In CaesarIII you designate areas for housing, rather than build housing directly. You must make your city attractive to immigrants if you expect people to move in, and every growing city needs plenty of new immigrants. Once people move in, they upgrade their housing of their own accord, should you provide a suitable environment.
In most assignments (and almost always in the City Construction Kit) you need to provide food for your citizens. This should always be your top priority, since it is very hard to attract new immigrants into a city without food, and hunger can quickly turn your population to crime.
Engineers are needed to maintain your city's buildings. Build engineering posts to send out engineers on patrol. Buildings are liable to collapse if they don't receive regular maintenance.
You will quickly see a large variety of people walking through your city. These all perform valuable tasks for your city, and you should think carefully about how and where you build roads. Whenever a road junction is reached, these little people must make a choice about which way to take; the fewer intersections you create, therefore, the more control you have over the routes your people will take.
Most services needed by houses are not “provided” simply if a building is nearby. Instead, most buildings generate people, who need to walk past a house in order to offer that service to the house.
Most buildings which employ people must have road access to reasonably close housing. If housing is too far away from a structure which seeks employees, even though there is road access and unemployment in the city, the building will not find any workers.

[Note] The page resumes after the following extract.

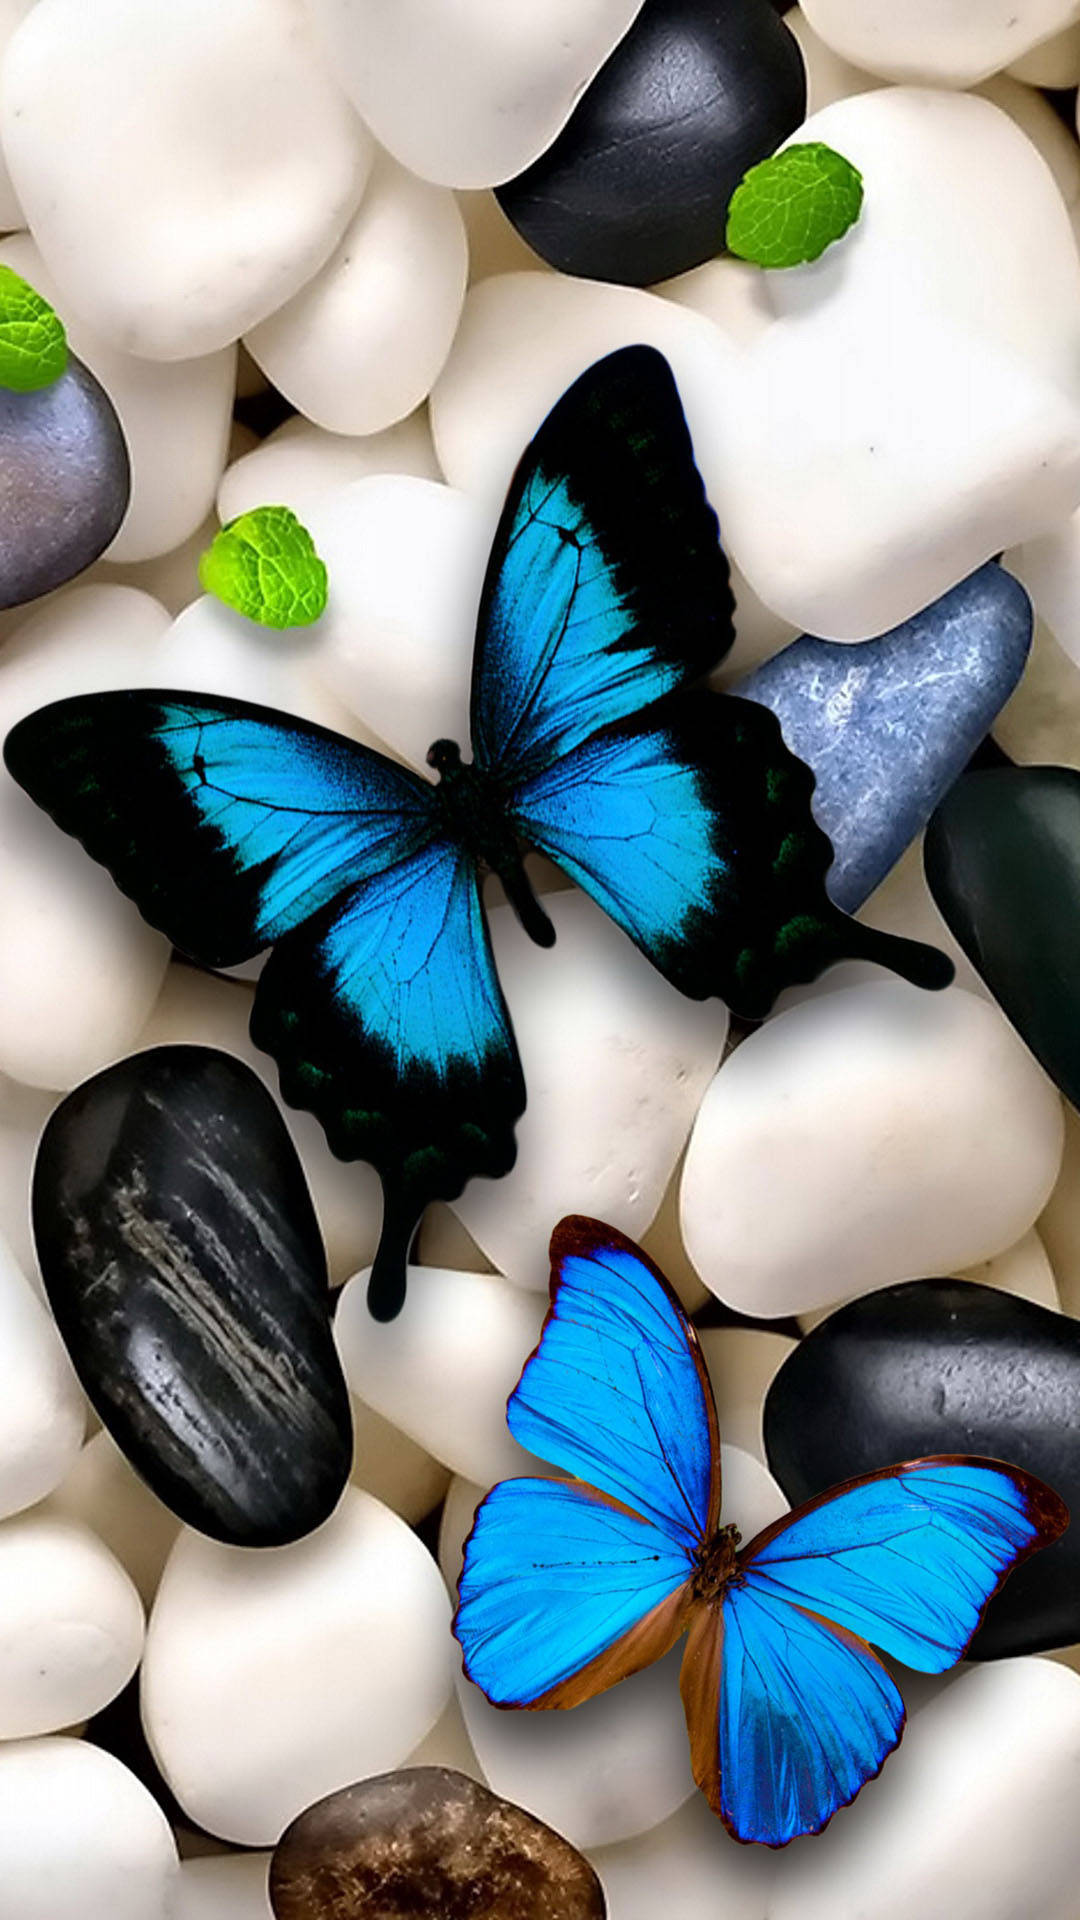 Butterfly Aesthetic On White Stones Wallpaper

A Favor rating indicates Caesar's current opinion of you. Favor is important, since you will lose the game if it falls too low.

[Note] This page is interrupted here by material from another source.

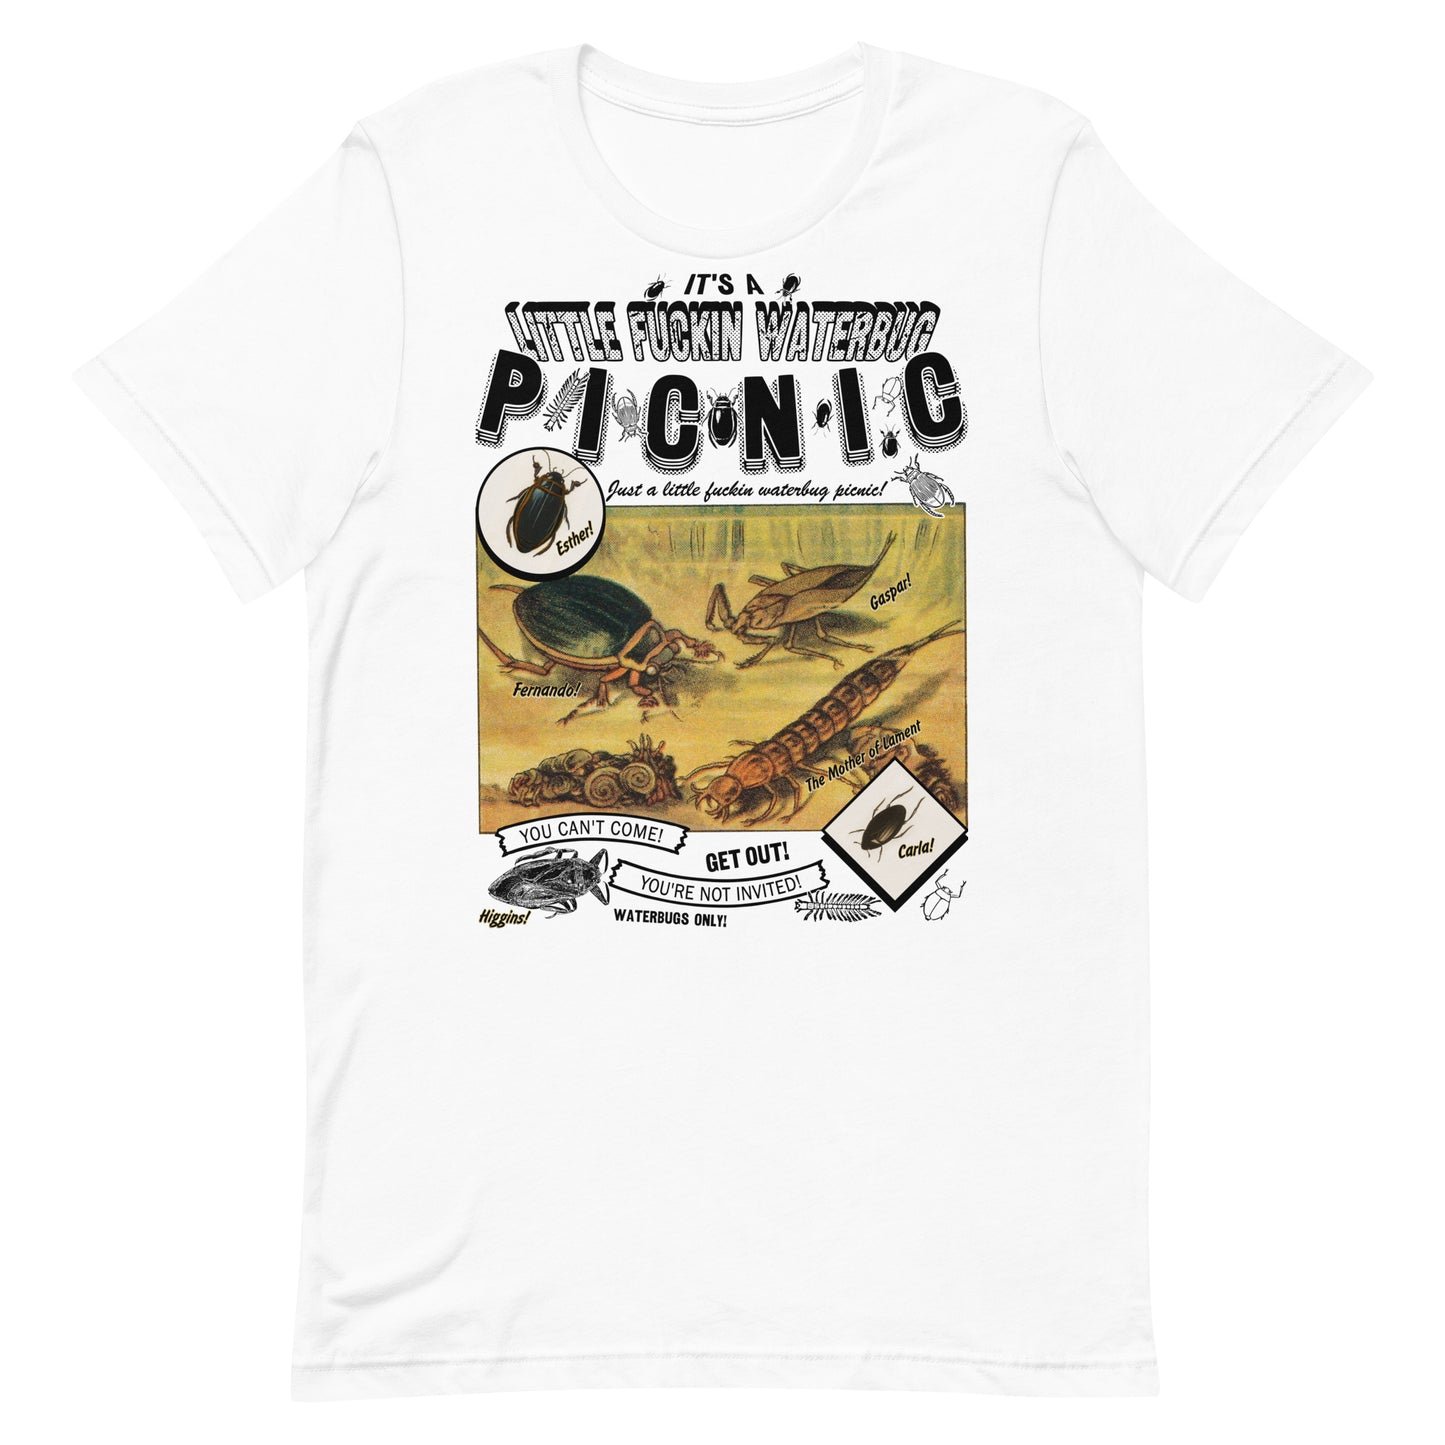 "Waterbug Picnic" Unisex t-shirt

Terrain is an important consideration in city design, with higher land and waterside plots being more desirable. You will come across islands and need to bridge water at times to achieve your objectives. And different types of land hold different resources, from fertile land to areas rich in clay or iron ore.
Religion plays a large role in citizens' lives. There are five gods to keep happy; ignore them at your peril.
Simply building a theater or amphitheater is not enough to please your people. You also need to build actor colonies, gladiator schools and more to provide performers for these otherwise pretty (but dull) venues.
Caesar is a very “hands-on” Emperor and will interact with you occasionally. He is worth looking after whenever you can.
The Labor Advisor automatically allocates your workforce to jobs. This is all that you need most of the time. When there is a shortage of employees, you can assign priorities to categories of workers, ensuring that whichever tasks matter most to your city get first claim on the available plebs.